Another term that should get covered in such agreements is trademarks. It should be clear who owns the logos, brand names, slogans that the parties bring to the table when they’re working together, when they’re doing business. It’s also very important whenever parties are partnering together or creating work together to have written provisions about who owns the rights in any new material that is created as a result of the partnership.

A slightly different from where I’m hiring you to build the website is a situation when you’re saying, “Hey, let’s work together and write a book,” or, “Let’s work together and create some videos,” who’s going to own that resulting product? Are you going to own it jointly? Is one of you going to own it but license it to the other? Are you going to create a separate partnership? There’s many variations, and you’d better off to have somebody who  knows review it and help sort it out.
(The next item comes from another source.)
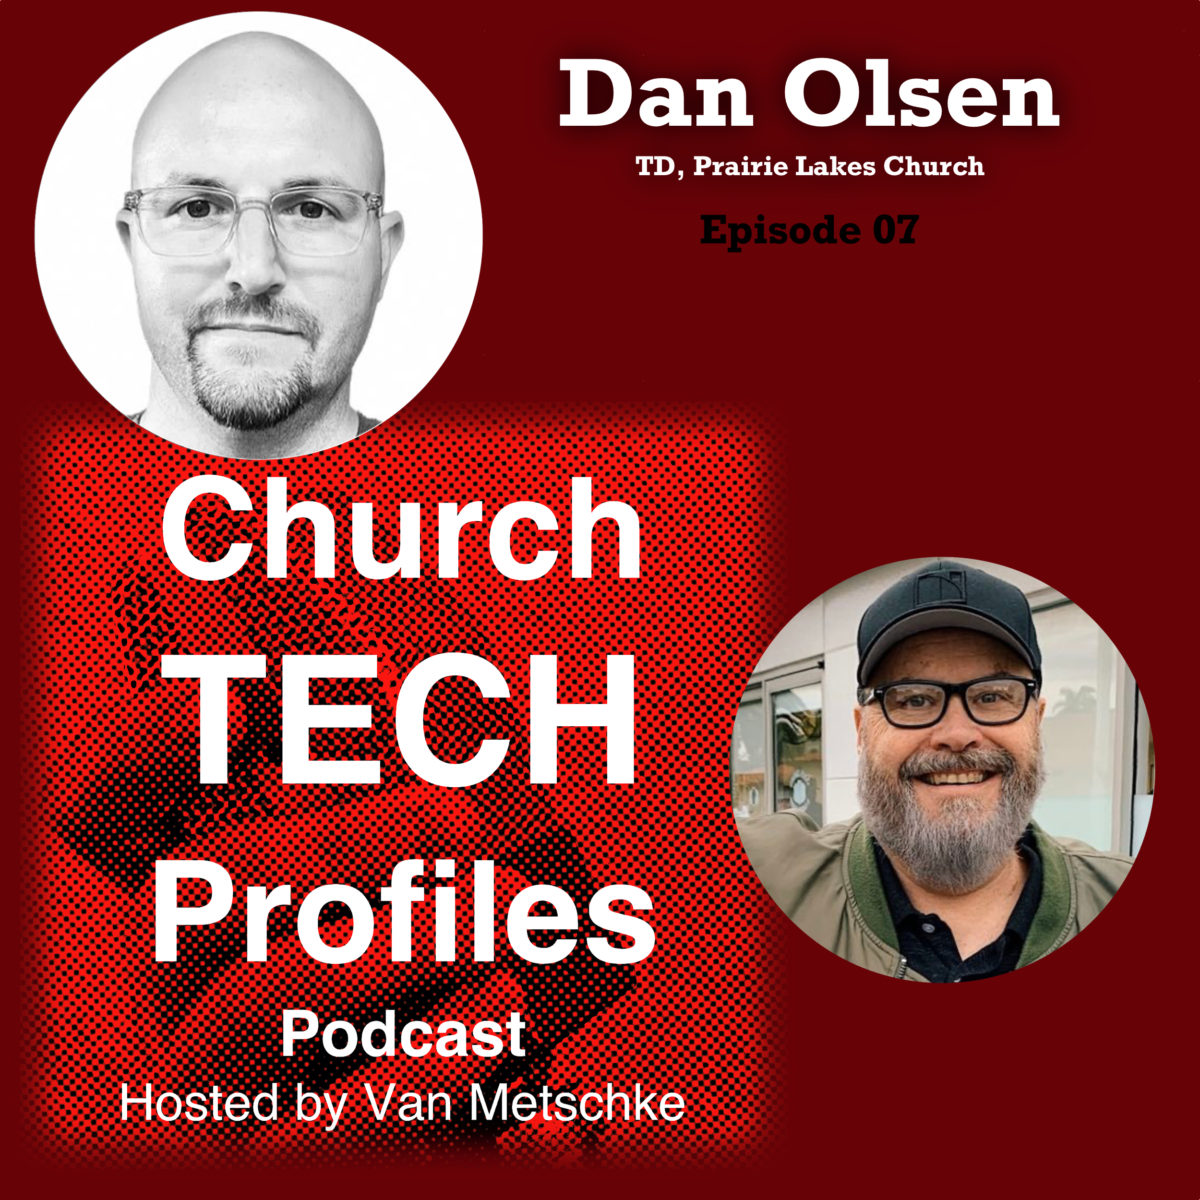 Church Tech Profiles Podcast Episode 07: Dan Olsen
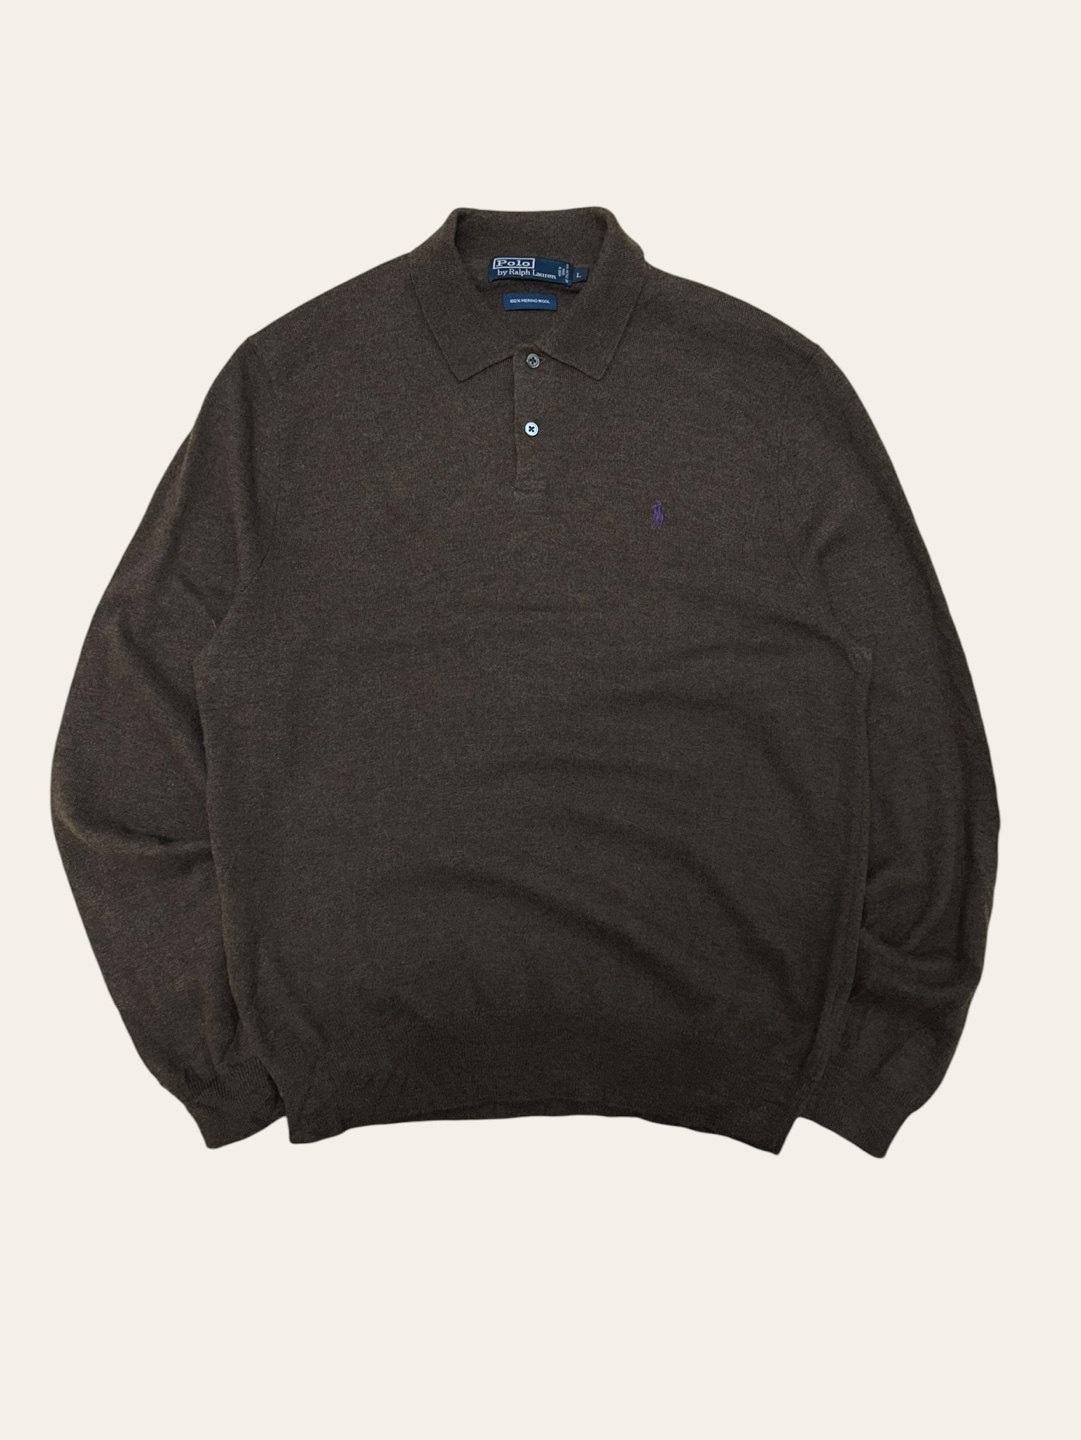 (From USA)Polo ralph lauren brown merino wool collar sweater L

If you’re doing an agreement that involves creating content with a partner, or with someone you’re hiring, or with an independent contractor or with an employee, and employees are treated different than independent contractors, the work-for-hire provisions are necessary for non-employees, but there are other terms that are important for employees. So if you’re entering into agreement for any of these types of situations, the number one tip is to make sure you get it in writing. The number two tip is to make sure you talk to an attorney who can help you understand these provisions and make sure they reflect what the goals of the parties are.

Too many times people come to me after they’ve been burned or after the fact, and then I say, “Okay, can you provide me a copy of the agreement?” And they say, “Well, we didn’t really have anything in writing.”  Don’t move forward until you have something in writing!